Exercise instructions: Below this line is a listing that includes pictures. Copy exactly, and only, the lines from the one containing "Roco HO Scale" through the one containing "Lot 1036 - 1898"; the pictures do not go in the copy.

Data supplied:

--- START ---

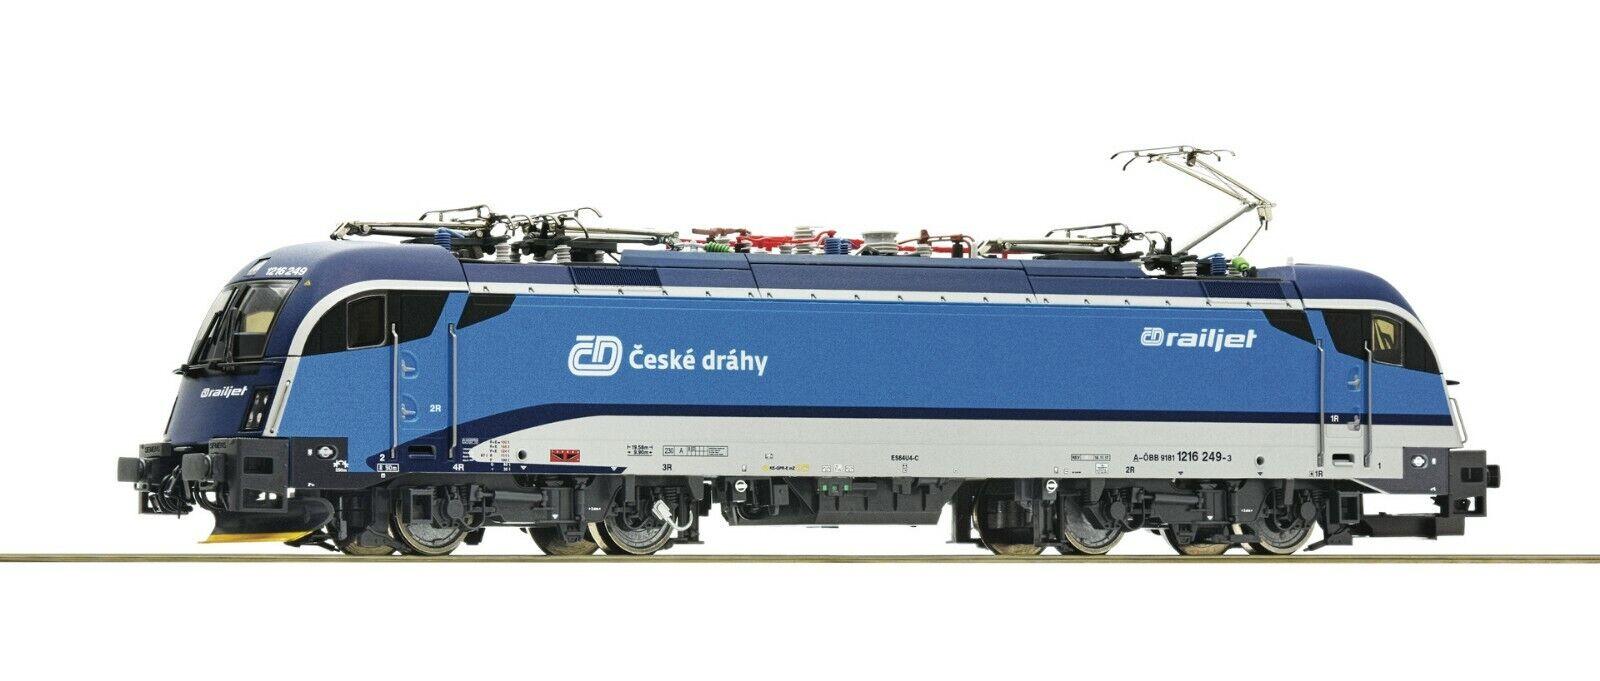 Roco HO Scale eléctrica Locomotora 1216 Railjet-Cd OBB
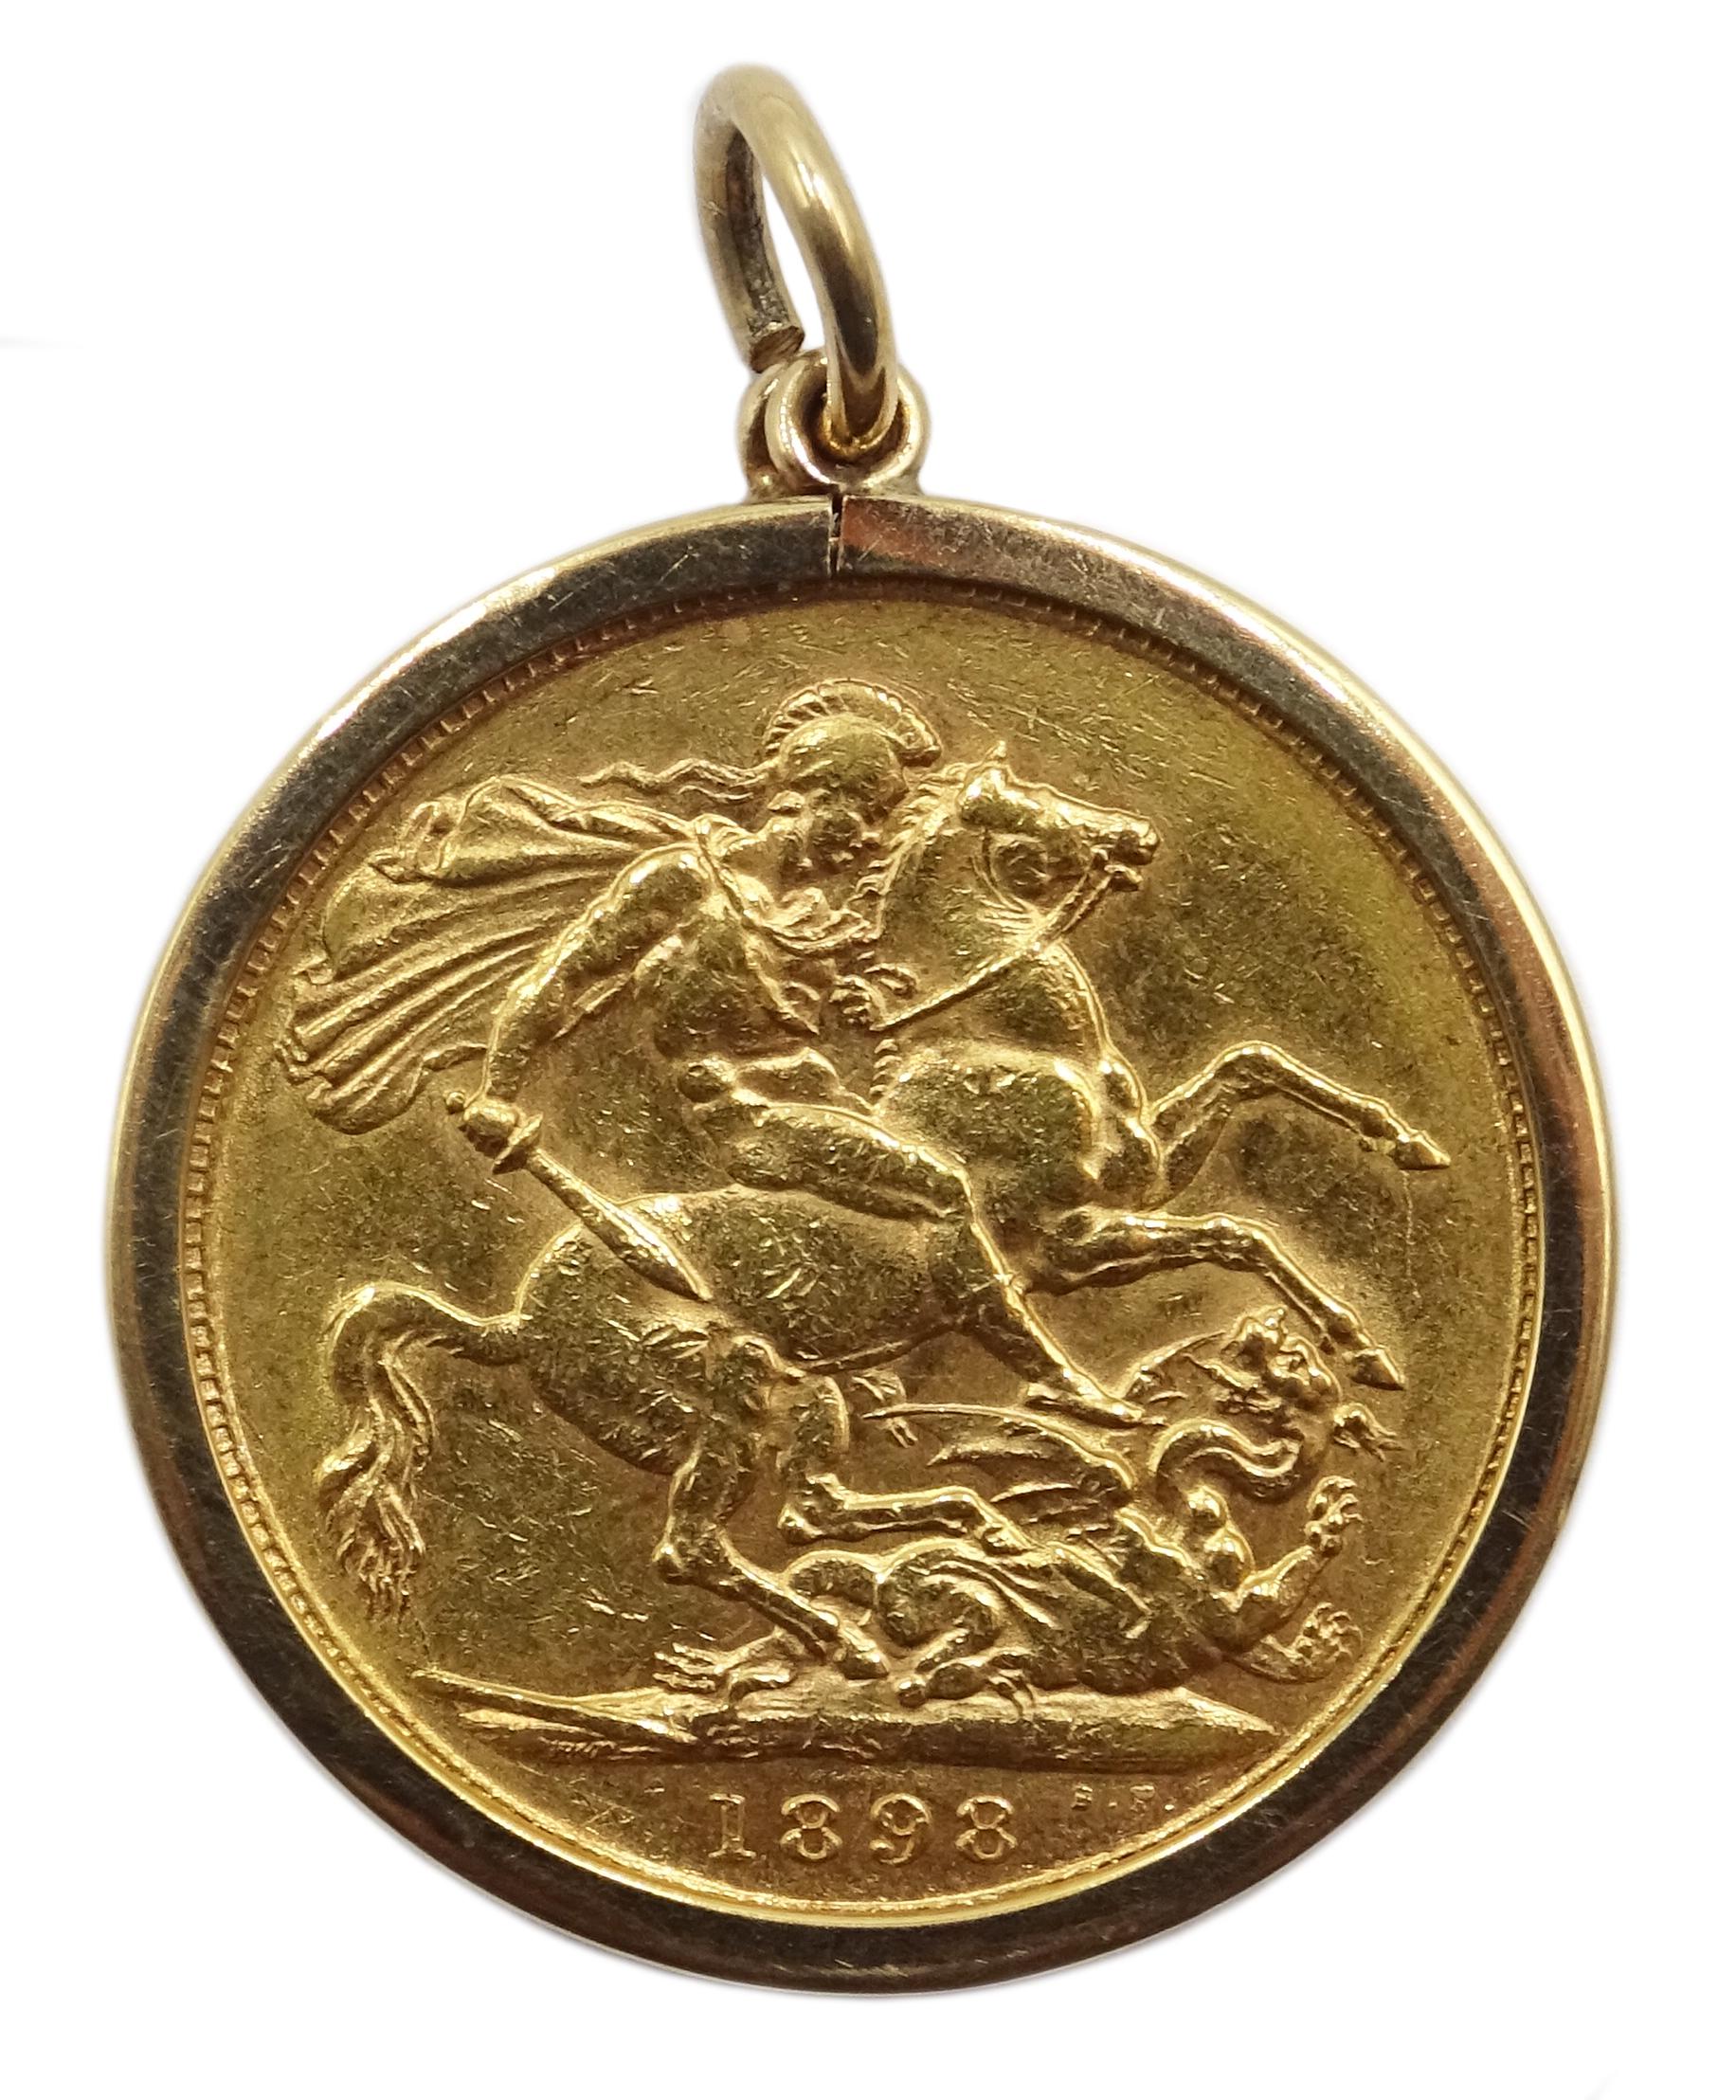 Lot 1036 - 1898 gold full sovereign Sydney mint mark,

--- END ---
--- START ---

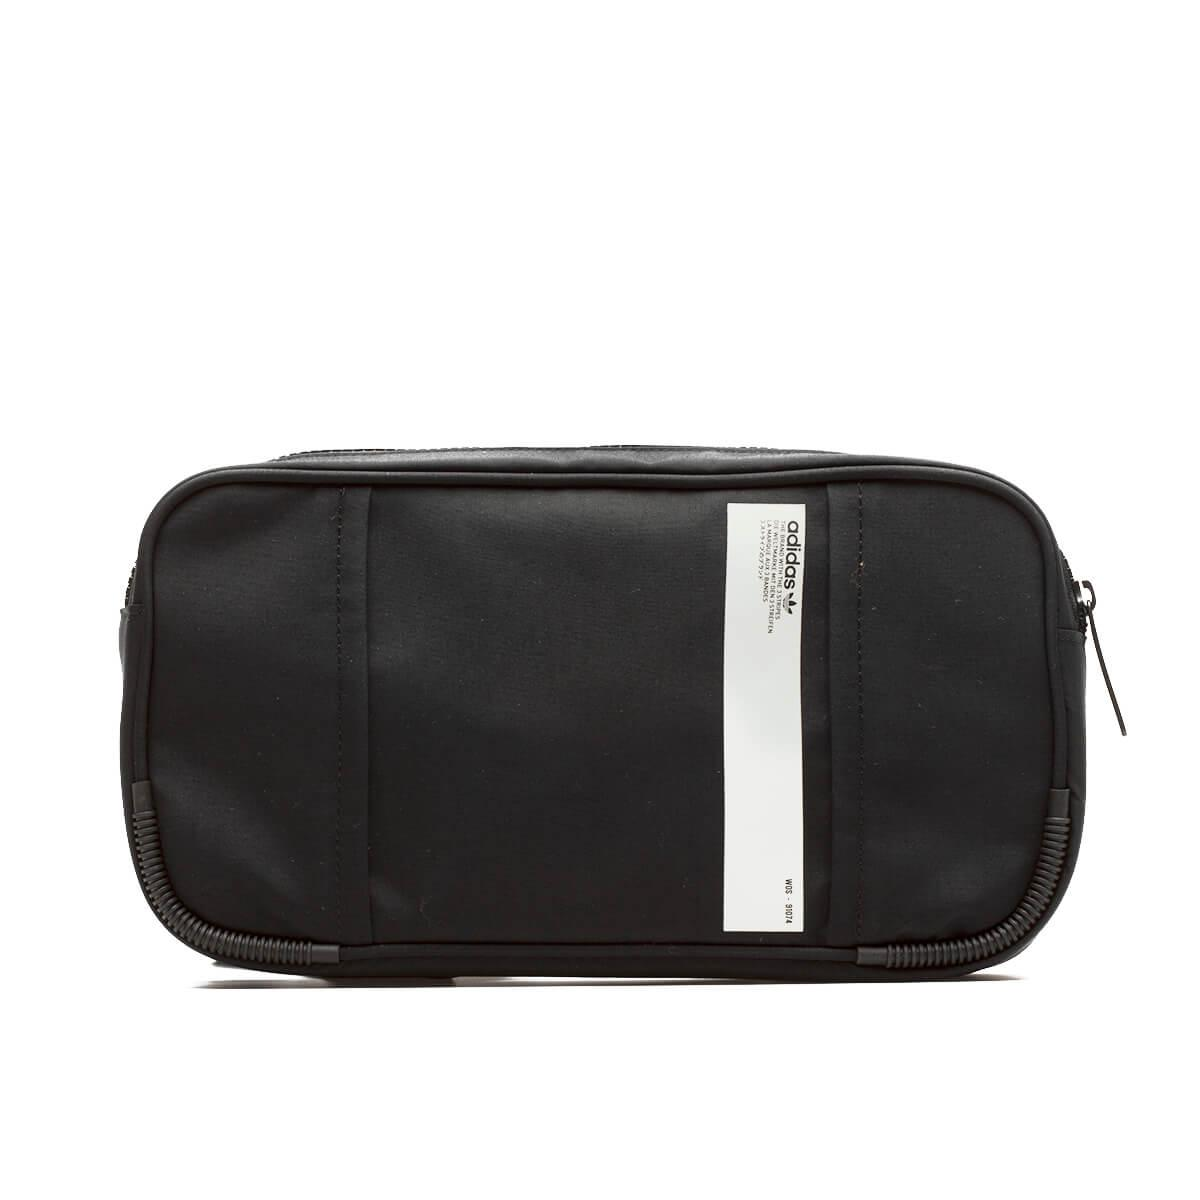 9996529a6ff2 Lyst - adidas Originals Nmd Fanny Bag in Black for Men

--- END ---

Task result:
 Roco HO Scale eléctrica Locomotora 1216 Railjet-Cd OBB
 Lot 1036 - 1898 gold full sovereign Sydney mint mark,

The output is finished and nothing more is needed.